Sorry, I wasn’t clear, depending on the string we need to go through more steps… I’m testing on a smartphone and maybe you can do it like this:

“sanitize(a, b), validate(c, d)”
|> String.splitter([“(”, “)”], trim: true)
|> Enum.map(&String.trim(&1))
|> Enum.map(& if String. contains?(&1, “,”) == true,
do: String.split(&1, [“,”, " "], trim: true),
else: String.to_atom(&1)
|> Enum.chunk_every(2)
|> Enum.map(&List.to_tuple(&1))
|> Map.new

Sorry again to very poor code…

hst337 · July 19, 2023, 11:42pm

The shortest solution is

for line in String.split(input, ")"), do: Code.string_to_quoted!(line <> ")")

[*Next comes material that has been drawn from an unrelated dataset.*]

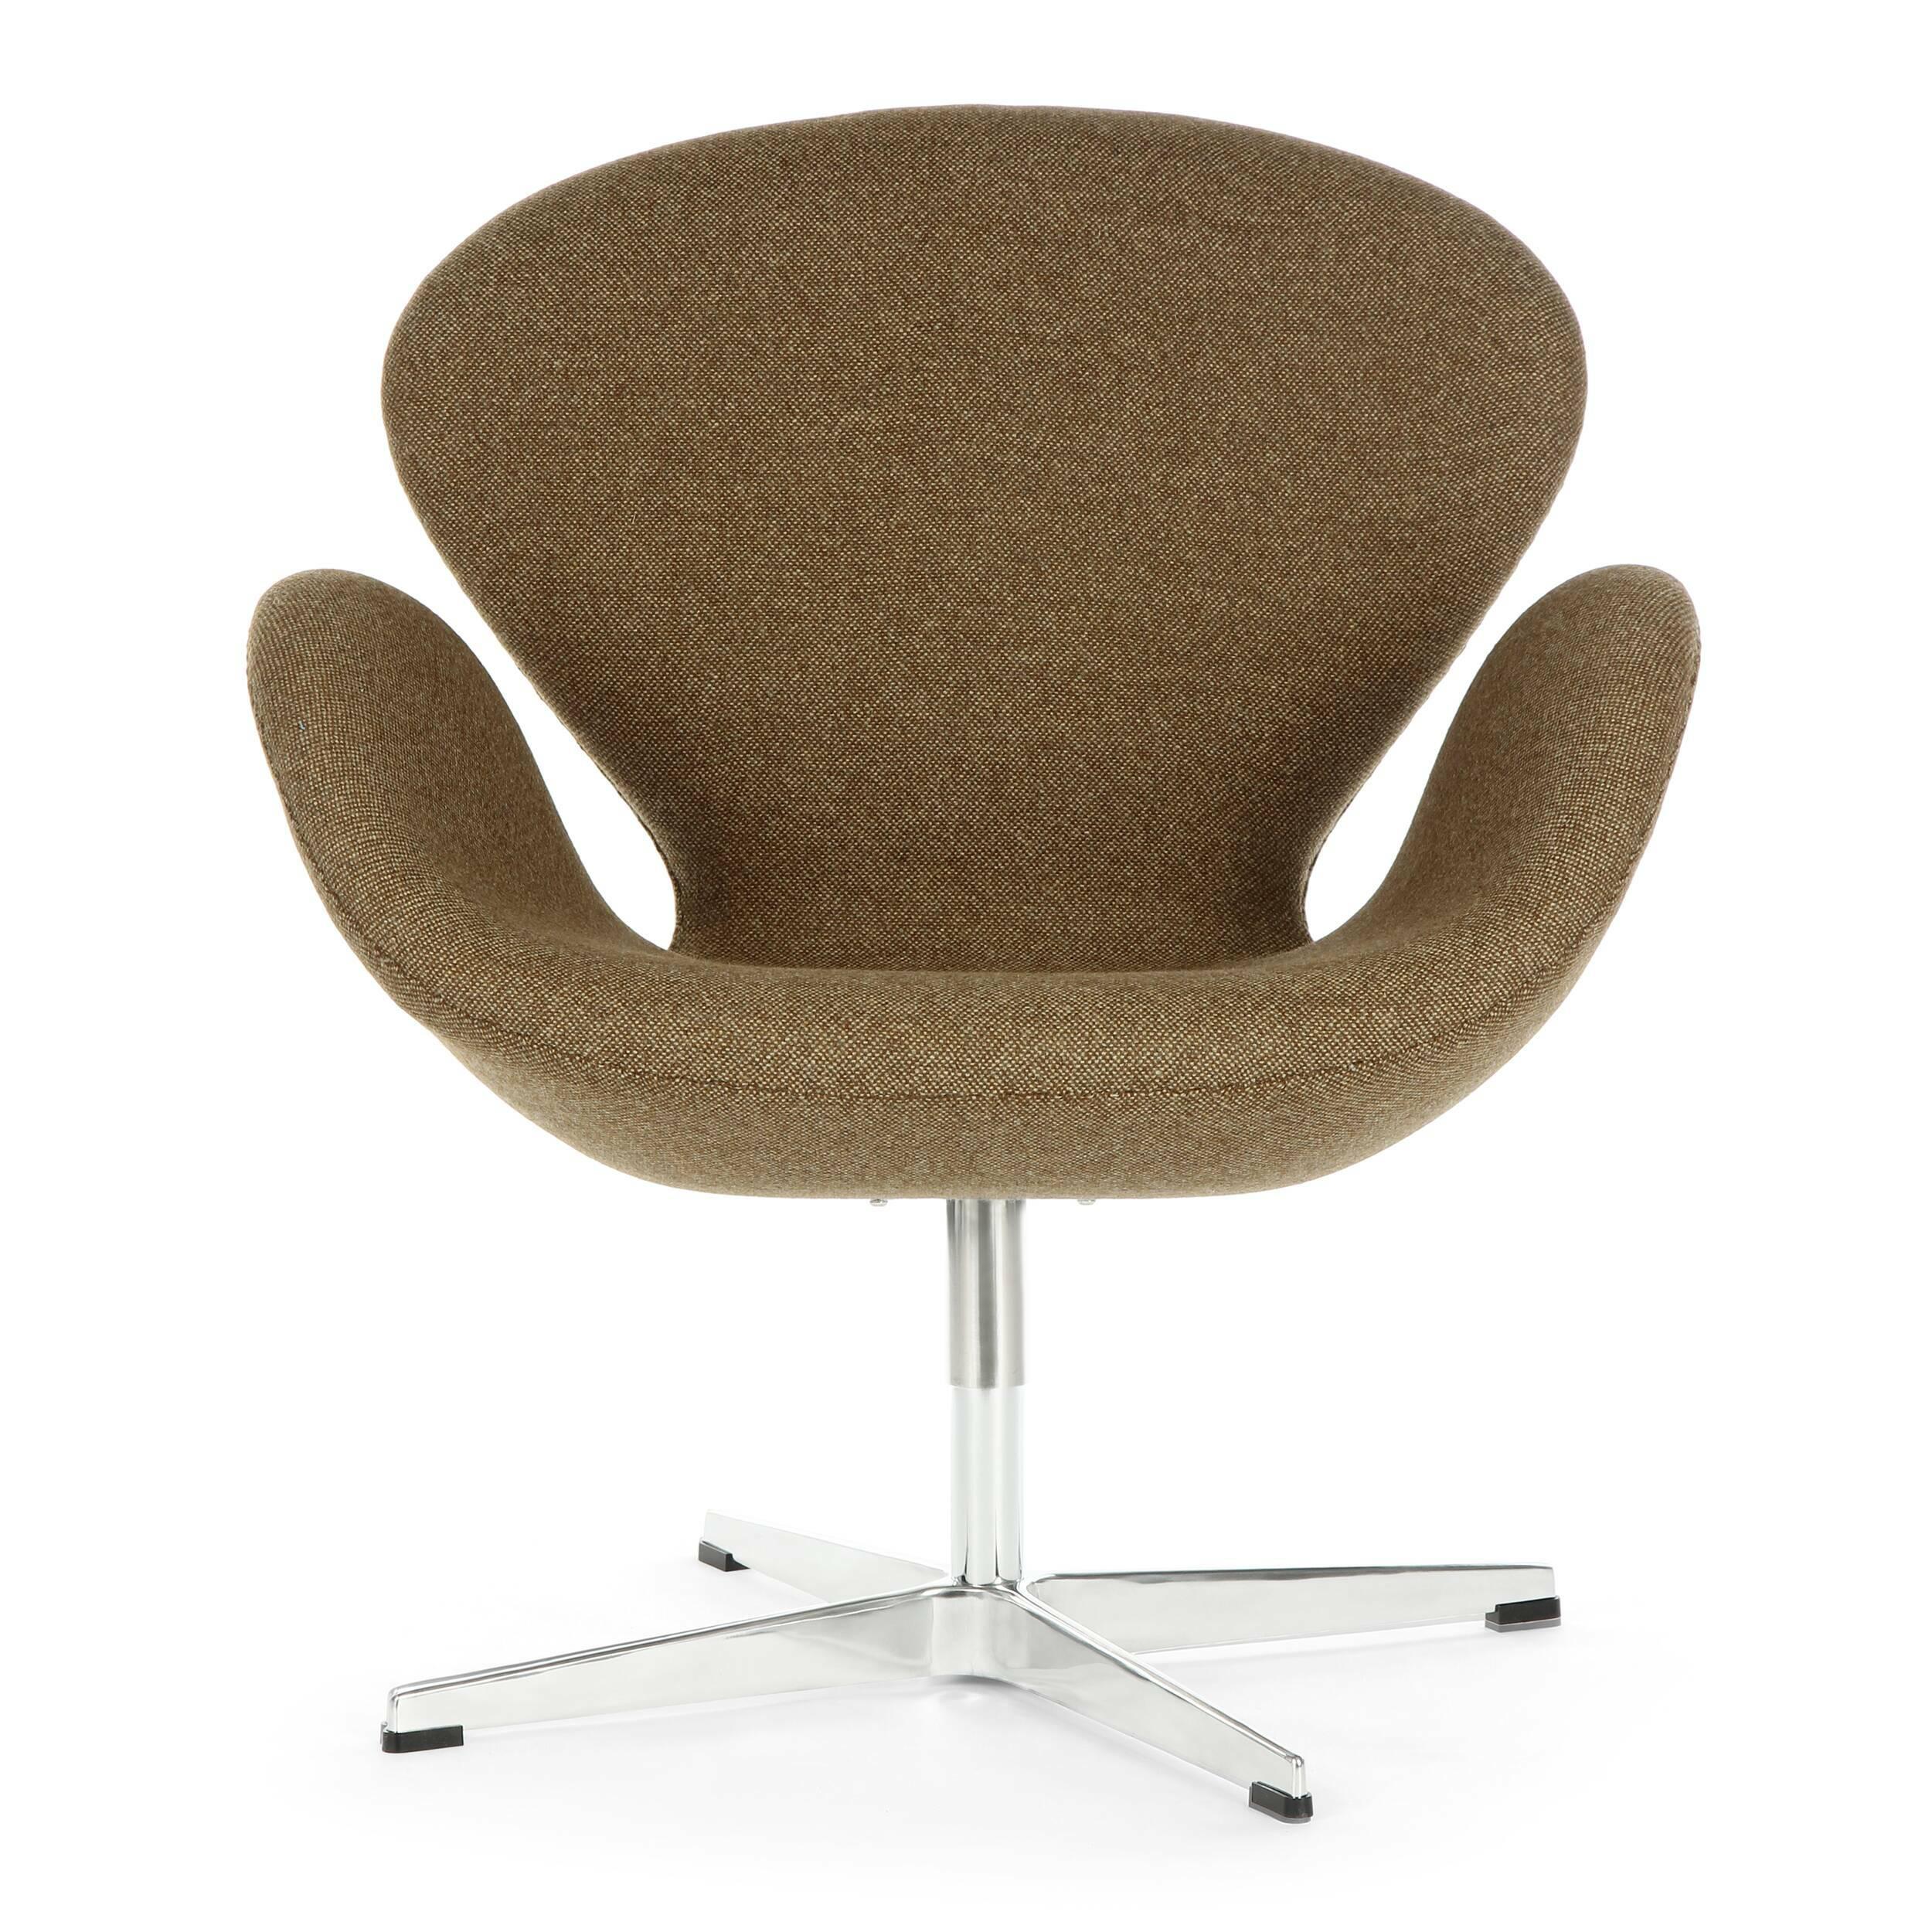 Кресло Cosmo 15579808 от Cosmorelax

shahryarjb · July 20, 2023, 8:39am

Yes and thank you, but NimbleParsec always remains a problem for me! I tried several times to solve this with NimbleParsec that were not successful even at the beginning :))

  date =
    choice([
      string("validate"),
      string("sanitize")
    ])

for example it returns

{:ok, ["sanitize"],
 "(trim, lowercase, downcase, replace= T) validate(not_empty, max_len = 20, not_integer)",
 %{}, {1, 0}, 8}

but I could not be able to get validate or separate the (_). or if user just put the validate, how can I do it

LostKobrakai · July 20, 2023, 9:19am

NimbleParsec is not regex. It’s not “searching” through your input.

A parser works by going though the input string front → end and at each step you need to define what can be matched next. In your example you tell it to match either "validate" or "sanitize". It starts from the front, finds "sanitize" and then the next char is (, which matches neither of your expected values, so parsing halts.

NimbleParsec — NimbleParsec v1.3.1 has an example of something similar, parsing things wrapped in " instead of parenthesis.